I looked around quite a bit, and InDefero seemed to fit the bill best. The various *Forge alternatives are enormous beasts, from what I found online Trac’s git support may still be a bit flaky (I found discouraging comments about the plugin), Redmine looks neat but it requires a full Rails stack, which I’m not really interested in getting into, and gitosis may be just a tad too bare bones for what I wanted. But InDefero kept appearing as a good balance of the above, so I decided to give it a try. I’d summarize it as a lightweight, google-code-like project management system whose git backend design is inspired by gitosis. It also supports Hg and SVN backends, though I’m not interested in those and won’t discuss their configuration here (I turned them off).
So far I have been very satisfied in that I think it does precisely what I need. There are one or two minor things I’d like to have that I miss from Trac, but in the end they are all sugar I can live without, since they involve git history and log manipulations I can easily do with a local client.
The one thing that wasn’t too easy was the installation: the documentation isn’t the best, the installation instructions are scattered across various documents, and a number of key steps are not explained at all (not even mentioned), so it took me a fair amount of time to get the whole thing working. I am putting together these notes in the hope they save someone else time, and the InDefero team is welcome to use any or all of this in their own documents. I estimate that with a document like this one, you should be able to start from scratch and configure an entire setup in 2-4 hours, assuming you are comfortable working in a Linux command-line environment and are used to building software from source.

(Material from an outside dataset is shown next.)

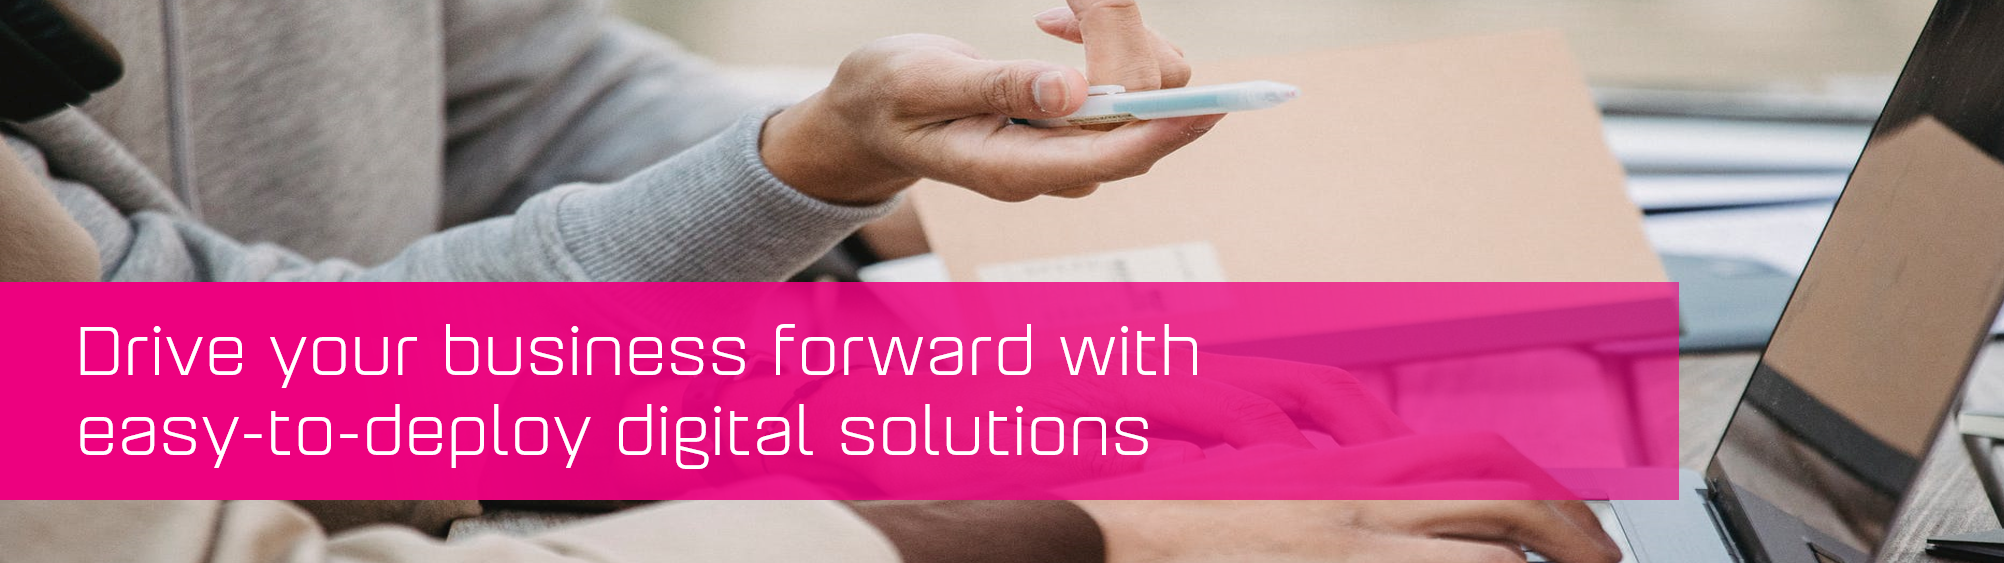 KCS SA - Blog - Drive your business with digital solutions banner

Please let me know of any inaccuracies in this document so I can correct them for the benefit of others.
Preliminaries¶
The key sets of instructions that this document complements are:
- InDefero general installation.
- Installation on Dreamhost with Mercurial backend: this comes closest to our needs, but it’s missing a few key pieces of information. Still, if something is missing in my notes, see this document.
- Configuring the InDefero Git backend: another piece of the puzzle.
- The Dreamhost notes on Git: they may be useful to you, though I think all of the pieces regarding git are contained here.
Hopefully if I missed something, the above should let you figure out the whole thing.
For everything below, I have set the variable:
PREFIX=$HOME/usr/local
and I have a set of bash utilities that configure my various *PATH
variables so this is a valid installation prefix for me, so all installs will
be done using --prefix=$PREFIX
. This means that the following path
variables are all properly configured:
PATH: binary execution
LD_LIBRARY_PATH: dynamic linker search path
LIBRARY_PATH: static linking by gcc (like -L)
CPATH: generic include path for gcc (like -I), used for all languages
C_INCLUDE_PATH: C-specific include path, after CPATH
CPLUS_INCLUDE_PATH: C++-specific include path, after CPATH
PYTHONPATH: search path for python packages
I also use a little python script called unpack that knows how to unpack zip,
tar, gzip, bz2 and other formats with a single call, so I don’t have to
constantly remember what to type. If you don’t use unpack
, simply
substitute the appropriate tar/unzip
commands as needed.
Dreamhost configuration¶
This section contains the various things you need to do on the Dreamhost account, some of them via the control panel, some locally on the shell. Basically, you will need:
- A custom domain for your InDefero install, along with a set of directories for it.
- A MySQL database.
- A new user whose purpose will be only to manage the Git repositories, and who will receive the SSH keys of your InDefero users.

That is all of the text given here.